The importance of considering time when evaluating risks of base jumping (and maybe even antibiotics)
This is a guest post by L. Silvia Munoz-Price, MD, PhD. Associate Professor of Medicine at the Medical College of Wisconsin. Enterprise Epidemiologist at Froedtert Health. Milwaukee.
Over a month ago, Eli asked me to write this piece to discuss my recent CID paper on handling time dependent variables. I knew this had to be done with an analogy but after several weeks of mulling over this, I was still uncertain on how to colloquially explain this concept to you. So, as I was almost ready to forget about this post while on a plane to Miami, I had sudden inspiration as I was about to nap! I really hope this helps everyone understand this statistical concept. If not, then I'm not sure reading the CID paper will help you much either…stick to 2x2 tables (sorry!!).
Setting: Let’s imagine Eli and his wife invited my hubby and me to go base jumping in New Zealand for a week (See figure…Eli take note!!). So, now let’s observe our jumping habits: of course, I would jump once and be done with it for lifetime. My hubby would probably not jump at all and just enjoy watching crazy people jump. Let’s say Eli decides to jump every day (two days he jumps twice!) and his wife jumps three consecutive days.
Study design: Ok. Not to be morbid, but the easiest outcome to evaluate is mortality (binary variable; 1: dead or 0:alive) by the end of the vacation.
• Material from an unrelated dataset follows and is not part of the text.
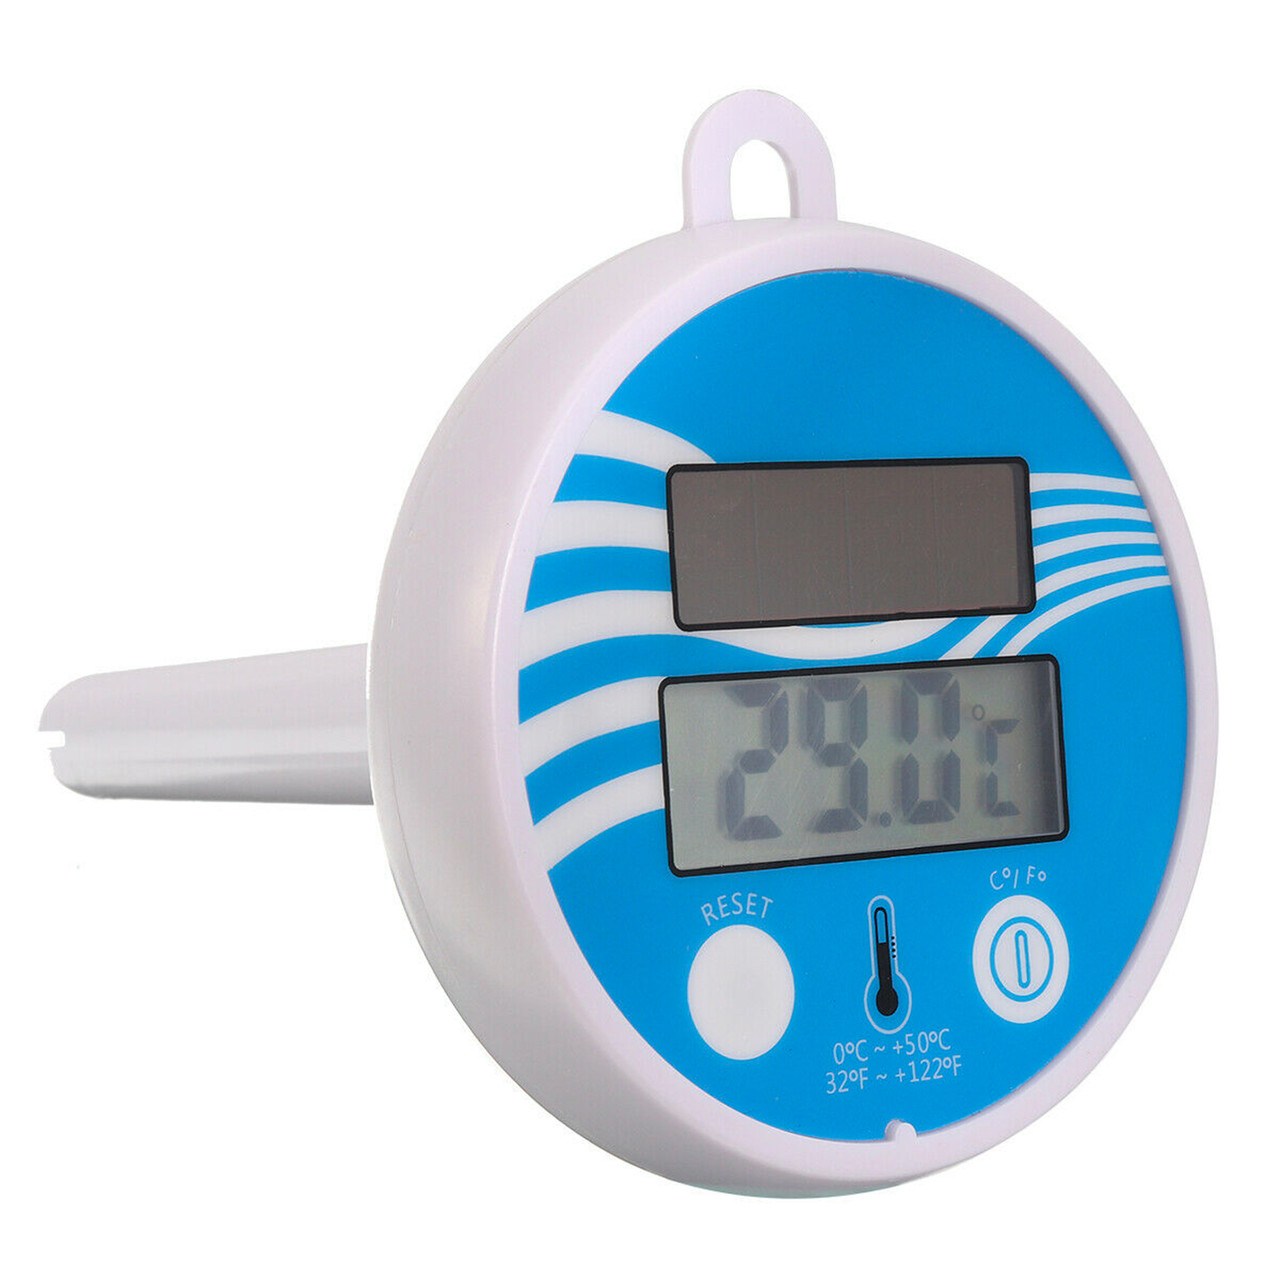 Solar Powered Floating Digital Thermometer - Westwood Pool Company

The exposure variable of interest is base jumping.
Option 1: The easiest way to look at this association is to construct a 2x2 table: Did you jump? (yes/no) Did you die? (yes/no). See, the problem with this analysis is that it ignores the intensity of the exposure as Eli, his wife, and I would be considered as a “yes” and only my husband would be a “no”. But, is it reasonable to analyze the exposures for Eli, his wife and I the same way? Intuitively, we probably could say no.
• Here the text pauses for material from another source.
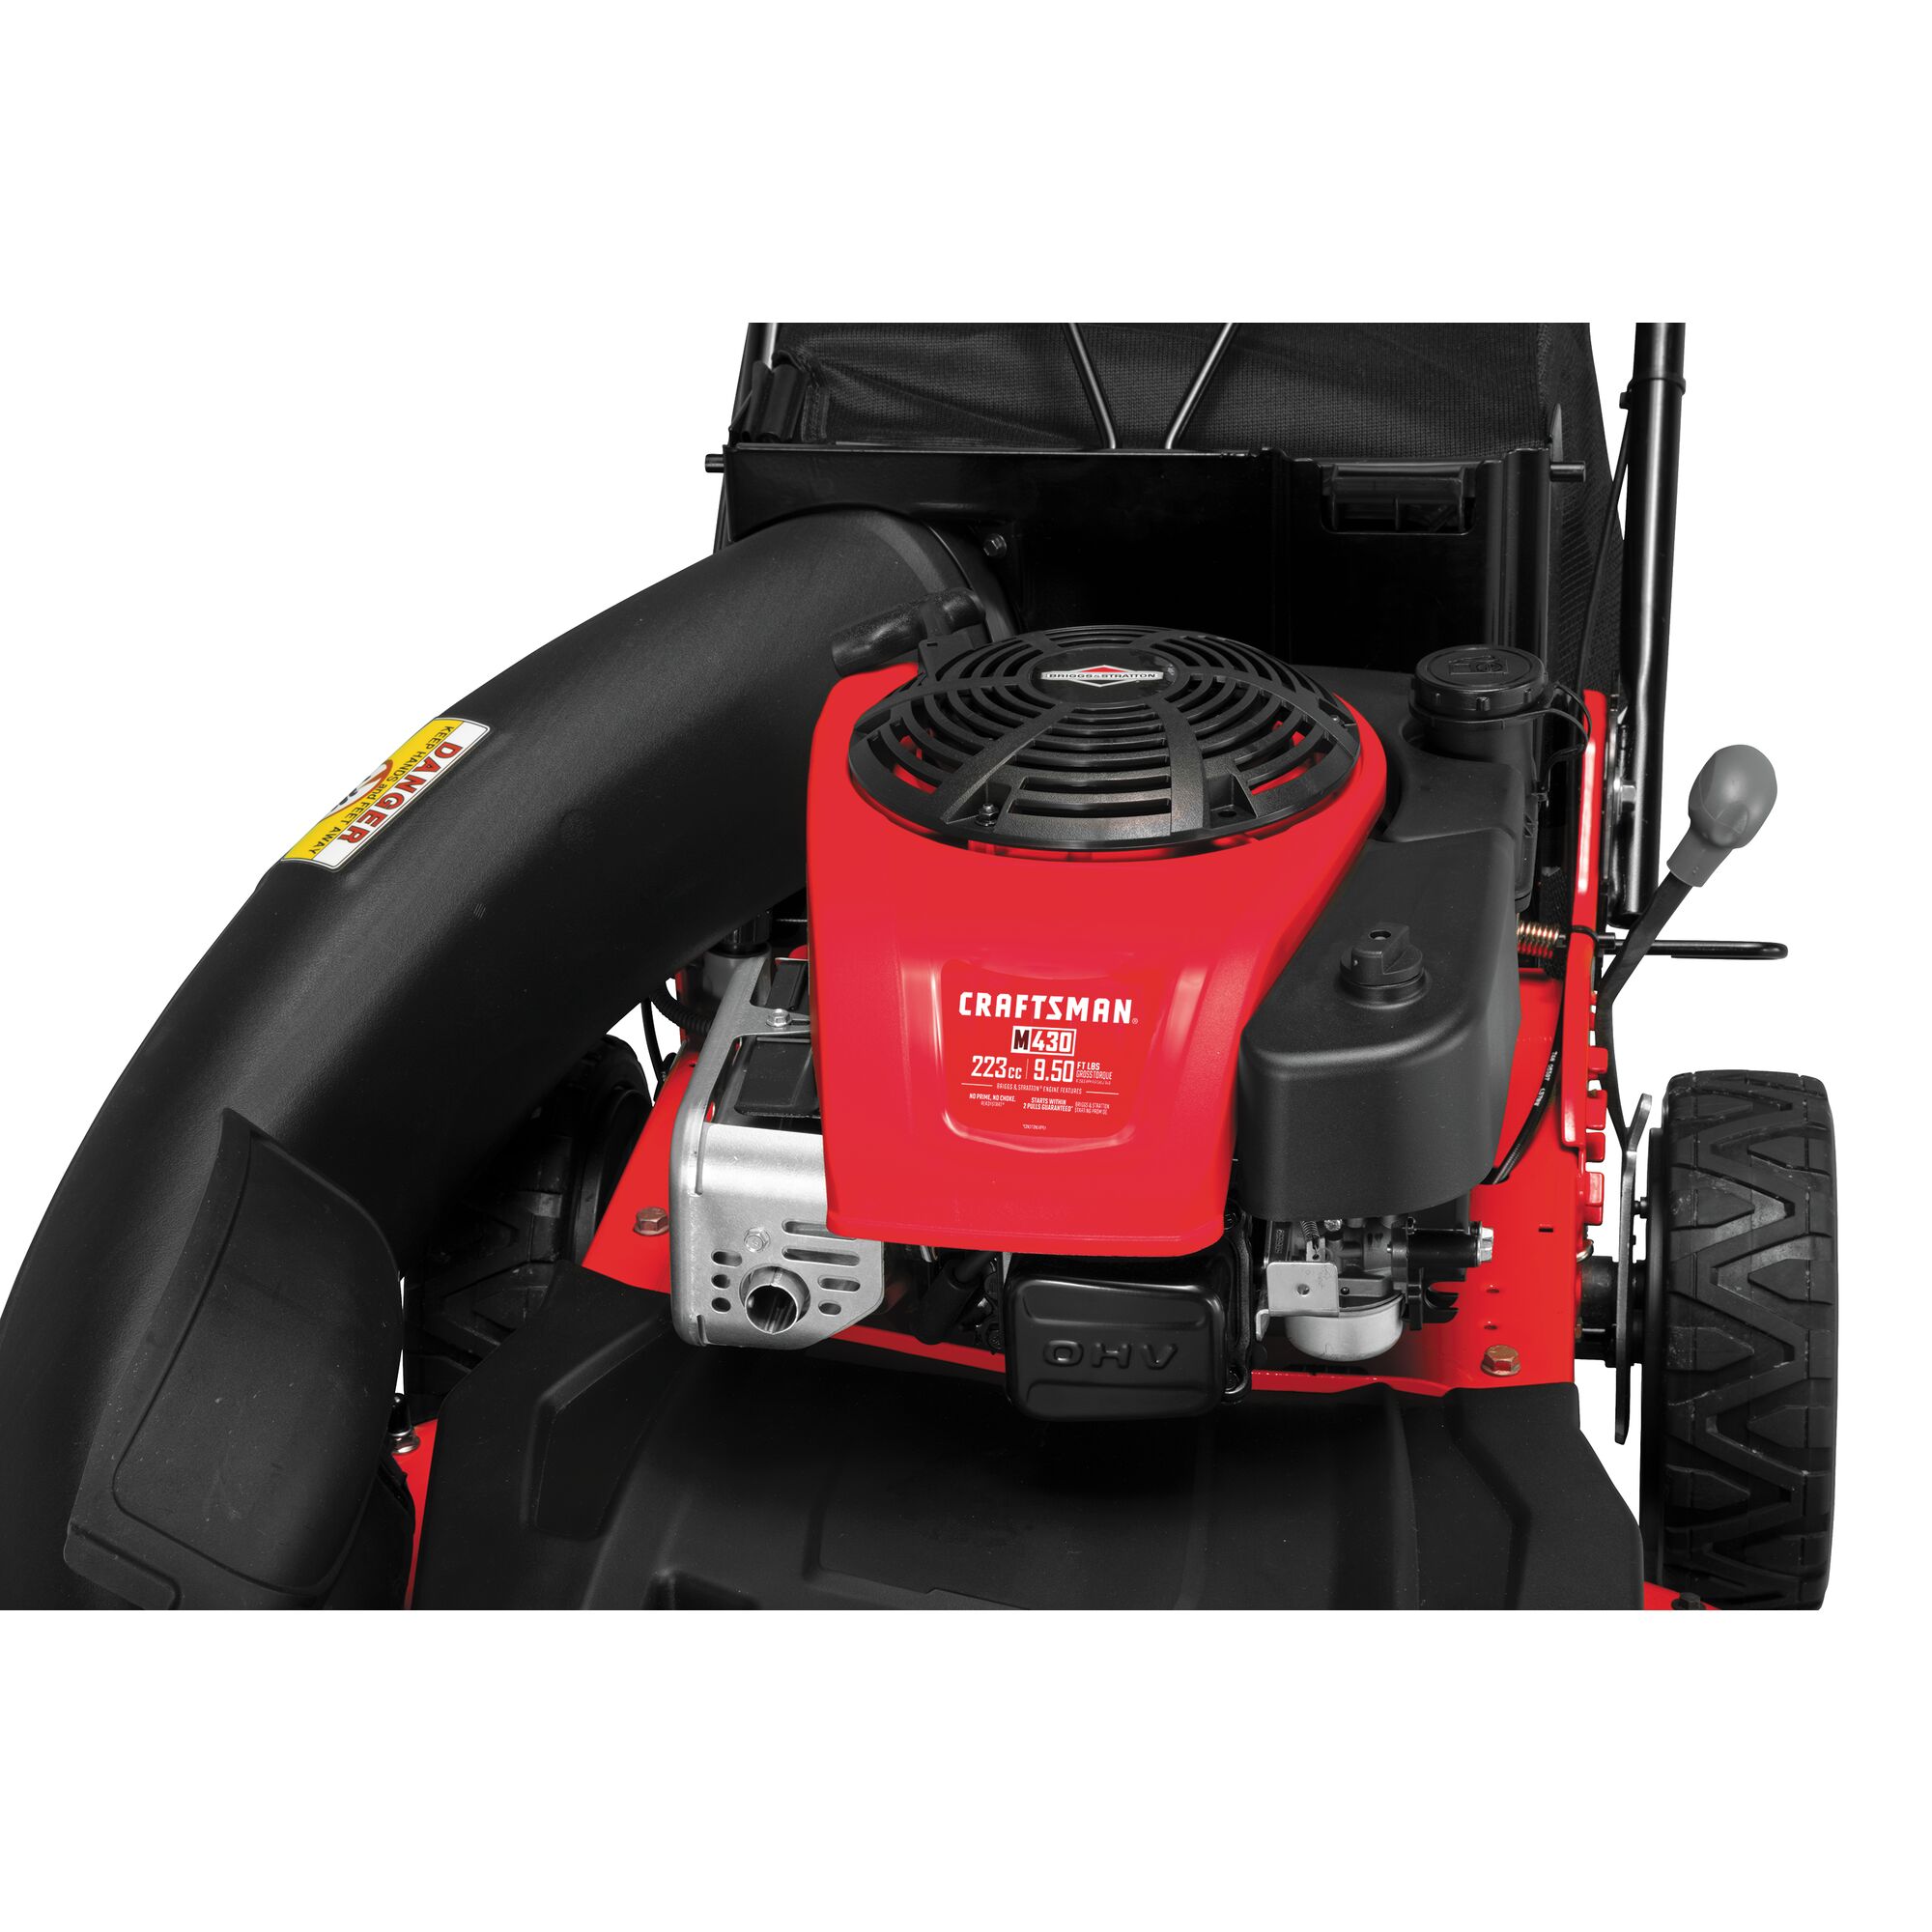 Powerful motor feature of 28 inch 223 c c r w d self propelled mower.

Option 2: A tad more elaborate way to look at this would be to count the number of jumps per person and enter these numbers in the analysis. So, Eli would have 9, his wife would have 3, I would have 1, and my husband would have 0. What is the problem with this approach? Well, it completely disregards time of exposures, correct? It is like having all those jumps in only one day. We need to ask: when was “that” day that all those exposures got summed? Was it at the beginning of the week or towards the end? Did the outcome happen at the beginning of the week, in the middle or at the end? Is it reasonable to analyze all those jumps clustered in time within a single day? Intuitively, I would say no. A similar problem happens with number of days that jumps occurred, especially for me. When did my one jump happen (at the beginning of the trip or towards the end?).
Option 3: A more elaborate way to determine the association between jumping and mortality is to account for the richness of the exposures. Not just taking into account the specific days the jumps occurred, but how many jumps occurred each day and from which different altitudes these jumps took place. Then we can calculate the hazard of dying on a daily basis based on the previous 24 hours of jumps. Let’s go over this a bit further. The hazard on day 1 would be calculated using 3 people. Assuming we all survived, on day 2 the hazard would be calculated only among the people that jumped (2). On day 3, assuming we all survived, the hazard would be calculated again only among the people who jumped that day (2 jumps). On day 4, assuming we all survived the hazard would be calculated only among the people who jumped (1). If any of us were to arrive to the outcome during the observation, then that person would be removed from the analysis. This is the concept of time dependent exposures. You measure the outcome as the exposure occurs over time. This is in contrast to what we usually do in our hospital epi studies: exposure treated as binary variable (yes/no) or exposure treated as number of days exposed (9 or 3 or 1) or even as number of jumps performed. More concerning, the outcome on the latter examples is fixed towards the end of the observation rather than measured as time progresses.
Bringing it home: ANTIBIOTIC EXPOSURES. Antibiotics are such rich exposures. Think about it. They can be given during many different days throughout the hospital stay and there are many types of antibiotics, with various doses and routes. Outcome variables, such as acquiring a multidrug resistant organism or even developing an infection by this organism also vary in time during hospitalization. Is it reasonable to analyze all those antibiotic exposures clustered in time within a single day or even worse as binary variables? Is it optimal to fix the outcome variable as happening at the end of hospitalization? Intuitively, I would say no to both. There are a couple of examples in the ID literature that compare these analyses. One of them by my co-author Marc Bonten. However, specifically for antibiotics it is not fully clear to me if the associations found would justify the additional cost and time of obtaining all this rich information about exposures and outcomes (note: think about relooking at your cohort datasets using this method).
Let’s end this post here [so that I can take a quick nap before landing] and see the feedback I get with this example. If the feedback is good then I will explain the biases that can occur by not accounting for time in your analyses, and maybe go over delayed effect of antibiotics. In the meantime, I will be sipping a mojito with my hubby while enjoying Miami. Salud!